- **Assignment**: Skip any image you find and restate the rest of the data word for word.

- **Data block**:
▼

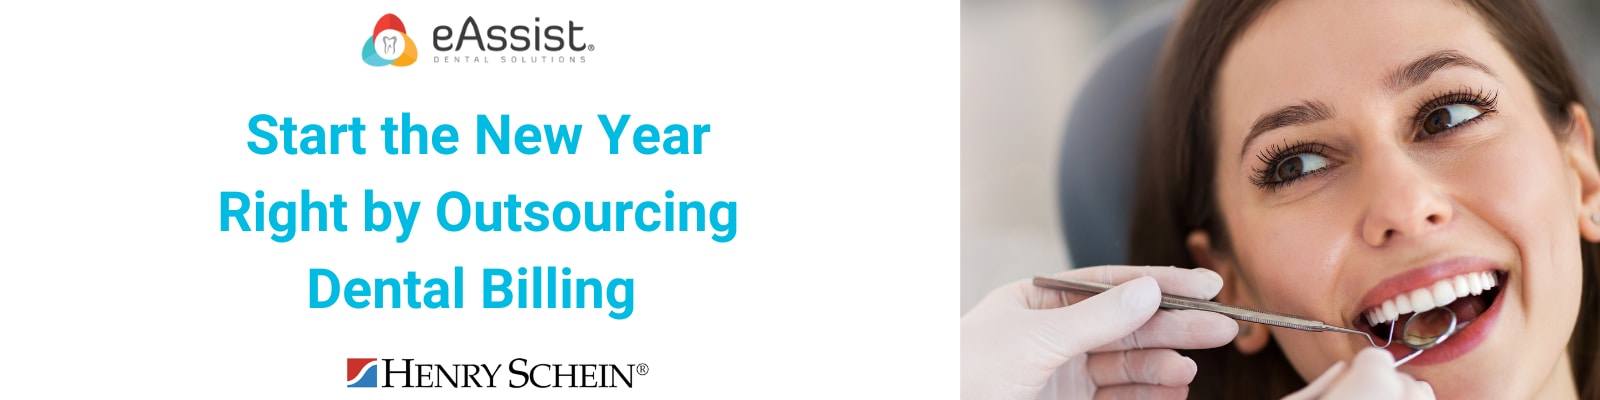 Start the New Year Right by Outsourcing Dental Billing
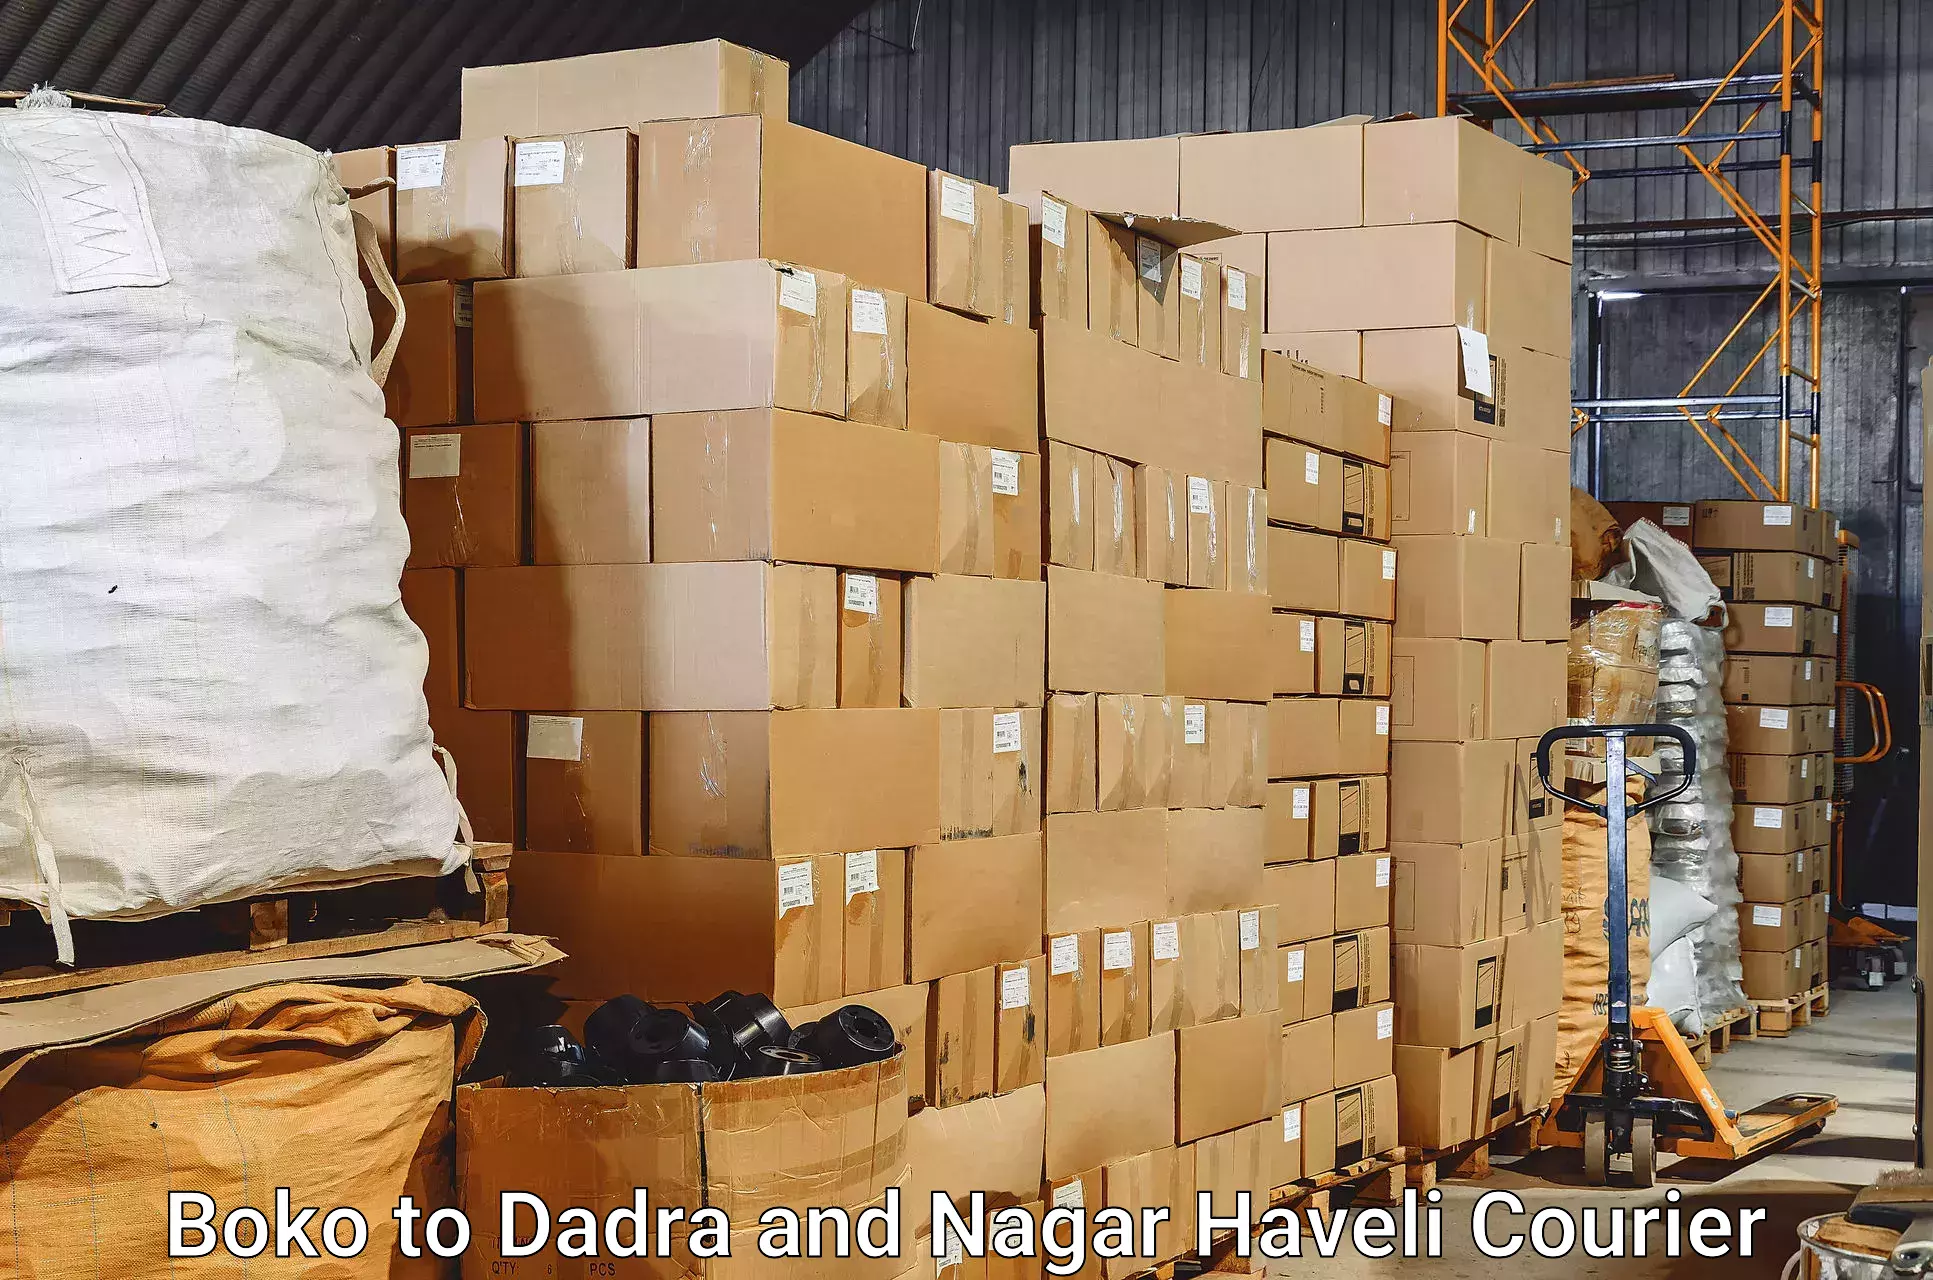 Luggage shipping specialists Boko to Dadra and Nagar Haveli
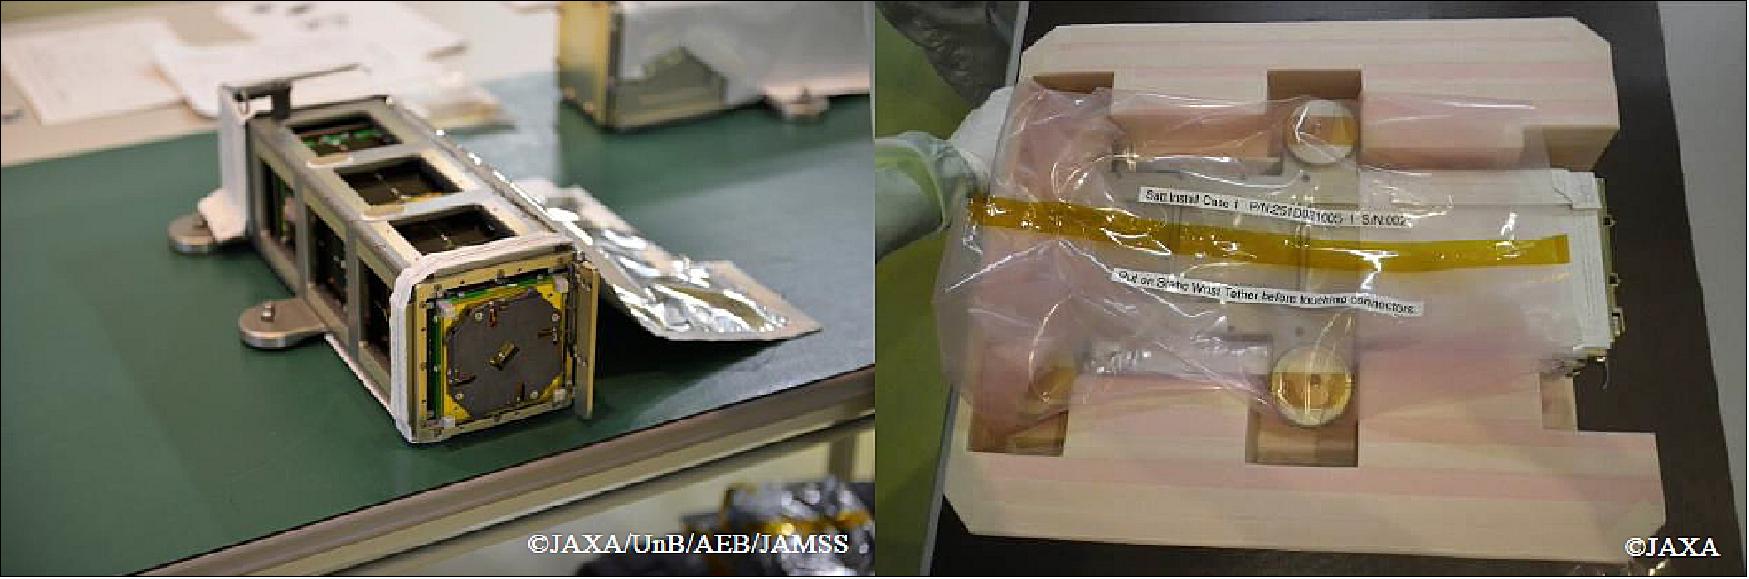 Figure 24: Preparation for launch. Left: The satellite installed in the Satellite Install Case; Right: The Satellite Install Case stowed cushion foam (image credit: JAXA)

▲

- **Answer below**:
 Start the New Year Right by Outsourcing Dental Billing
 Luggage shipping specialists Boko to Dadra and Nagar Haveli
 Figure 24: Preparation for launch. Left: The satellite installed in the Satellite Install Case; Right: The Satellite Install Case stowed cushion foam (image credit: JAXA)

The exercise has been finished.